☕ Software Architecture in the Real World
Notion just released their API and with that comes a ton of opportunity for web apps on top of Notion! Plus, an amazing series that teaches you software architecture using real world examples.
Hope you’re all having a fantastic day! Here’s your Tech Snippets, Interview Problem and Previous Solution for the day.
Notion is a workspace tool that has grown ridiculously quickly over the past few years. It allows you to aggregate info, add Kanban boards, take notes in a collaborative manner and much, much more. It’s an incredibly powerful tool, so it’s difficult to summarize in one line.
After years of begging from the Notion community, the team has finally released an API! (Although, it’s still in beta)
This presents a ton of opportunities for any developers who are interested in building products on top of Notion. Notion has a massive user-base of tech savvy people, so there’s definitely a market for apps that extend the functionality of Notion!
One example of a tool built on Notion is super.so
super.so is a web app that turns Notion pages into a website with custom domains, analytics, fonts and other add ons.
The web app was built by Traf as a side project and it went from $0 to $26,000 in monthly revenue in 6 months.
Another example is a tool for courses on top of Notion
The default tool for course creators right now is teachable. However, many course creators (and course users) are big fans of Notion.
I saw a couple of people working on building a course platform on top of the Notion ecosystem, so this might be an interesting idea to explore.
This is an awesome series of free books that teach you software architecture using practical examples (from open source code).
It consists of
The Architecture of Open Source Applications (Volumes I and II) - Goes through popular open source applications (Git, CMake, Audacity, HDFS, etc.) and talks about how they work.
The Performance of Open Source Applications - Case studies on how to find and fix bottlenecks in applications.
500 Lines or Less - Experienced programmers take a challenging problem (Ex. Build an in-memory graph database) and walk you through how they’d solve it.

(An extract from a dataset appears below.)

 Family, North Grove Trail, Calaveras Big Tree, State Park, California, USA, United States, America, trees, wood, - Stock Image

You are given a character array containing a set of words separated by whitespace. Your task is to modify that character array so that the words all appear in reverse order. Do this without using any extra space.
input - ['A', 'l', 'i', 'c', 'e', ' ', 'l', 'i', 'k', 'e', 's', ' ', 'B', 'o', 'b']

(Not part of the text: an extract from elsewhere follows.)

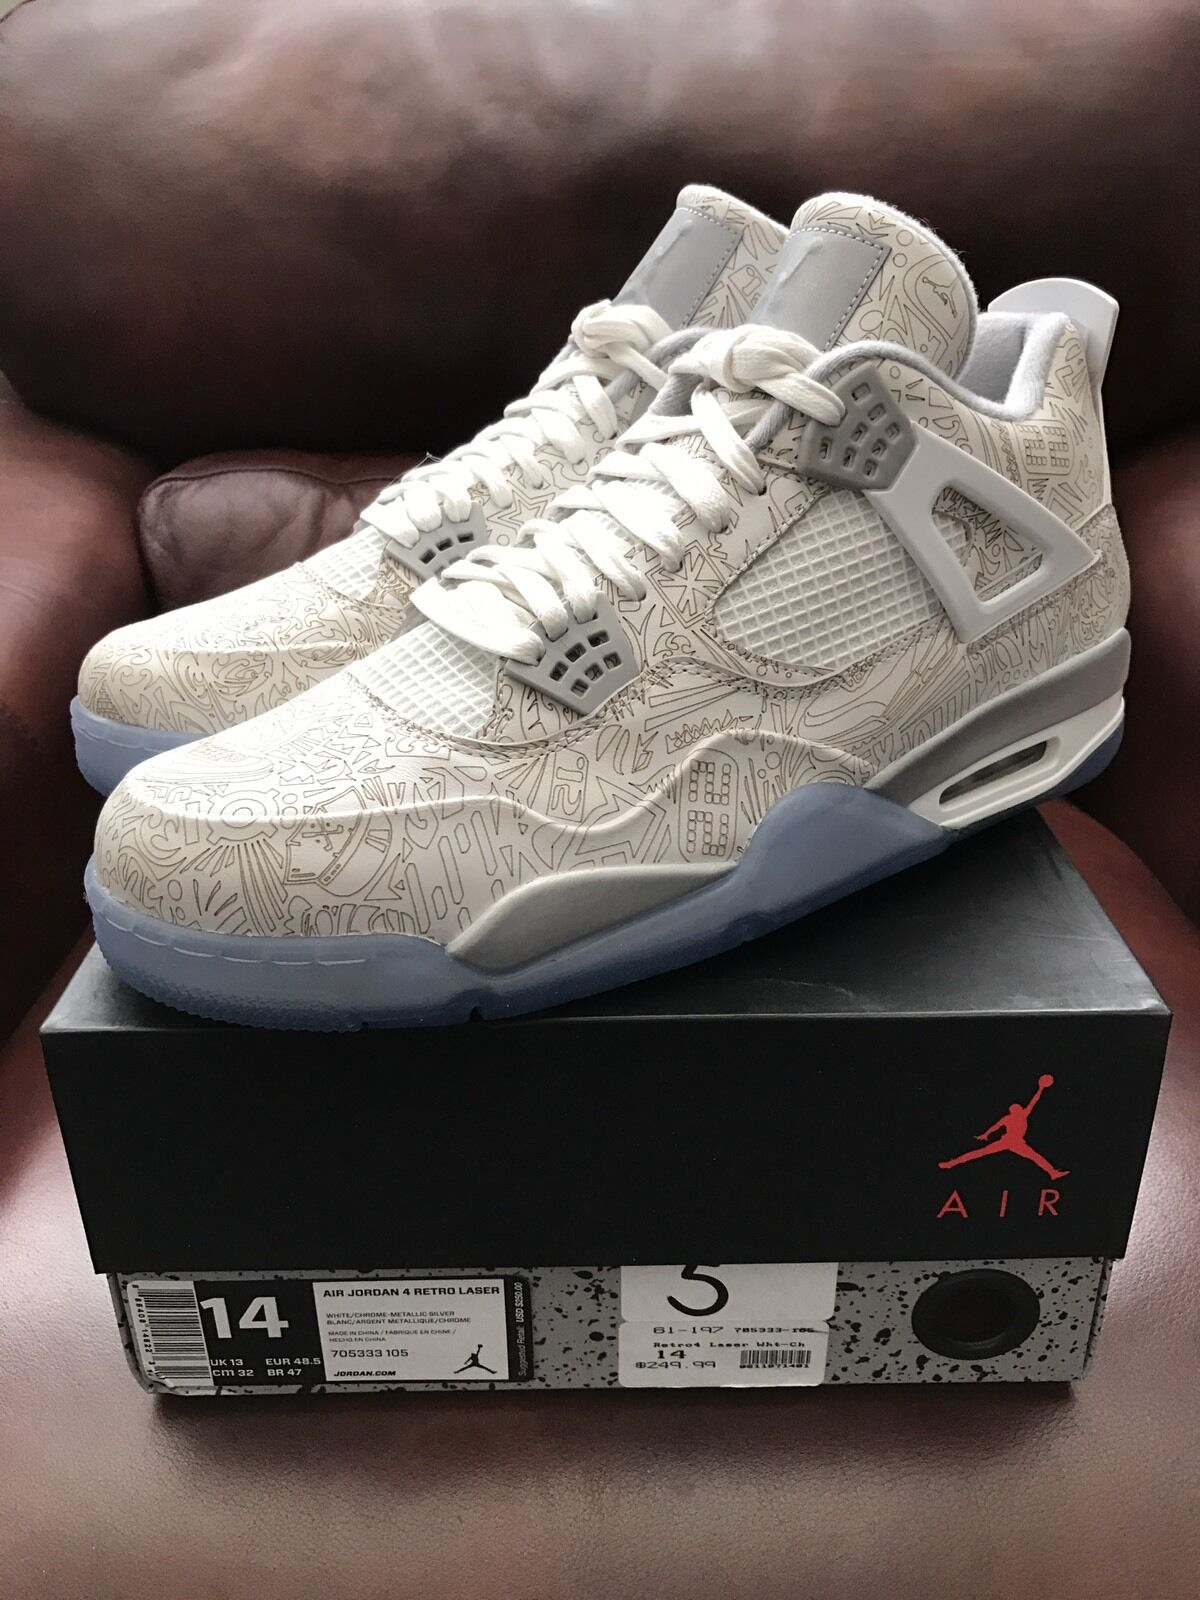 Nike Air Jordan 4 Retro Laser White/Chrome-Blue 705333-105 New/DS Sz. 14

output - ['B', 'o', 'b', ' ', 'l', 'i', 'k', 'e', 's', ' ', 'A', 'l', 'i', 'c', 'e']
We’ll send a detailed solution tomorrow, so make sure you move our emails to primary, so you don’t miss them!
Gmail users—move us to your primary inbox
On your phone? Hit the 3 dots at the top right corner, click "Move to" then "Primary"
On desktop? Back out of this email then drag and drop this email into the "Primary" tab near the top left of your screen
Apple mail users—tap on our email address at the top of this email (next to "From:" on mobile) and click “Add to VIPs”
As a refresher, here’s the last question
How would you build a spelling correction system?
Possible Follow On Questions
How would you check if a word is misspelled?
How would you find possible suggestions?
How would you rank the suggestions for the user?
The core idea for most spell-check systems is based on the Levenshtein distance.
You can think of Levenshtein distance as the minimum number of single-character edits (insertion, deletions or substitutions) required to change one word into the other word.
The Levenshtein distance from the intended word should be one or two edits. Therefore, if we can keep a hash table for all the words in our dictionary and then look for words that have a Levenshtein distance of 2 or less from the text, we can find the intended word. If the text is already in our dictionary, then it’s not misspelled.
The words in our dictionary that have a Levenshtein distance of 2 or less from our text may be too many to list out for the user. Therefore, it’s important that we rank our suggestions and implement a cut-off for the number of suggestions that we list. There are several ways of ranking our suggestions
History of refinements - users often provide a great amount of data about the most likely misspellings by first entering a misspelled word and then correcting it. This data can be collected and then used to implement rankings.
Typing errors model - spelling mistakes are usually a result of typing errors (typos). Therefore, these errors can be modeled based on the layout of a keyboard (mran -> mean)
Phonetic modeling - spelling errors also happen when the user knows how the word sounds but doesn’t know the exact spelling. Therefore, we can map the text to phonemes and then find all the words that map to the same phonetic sequence.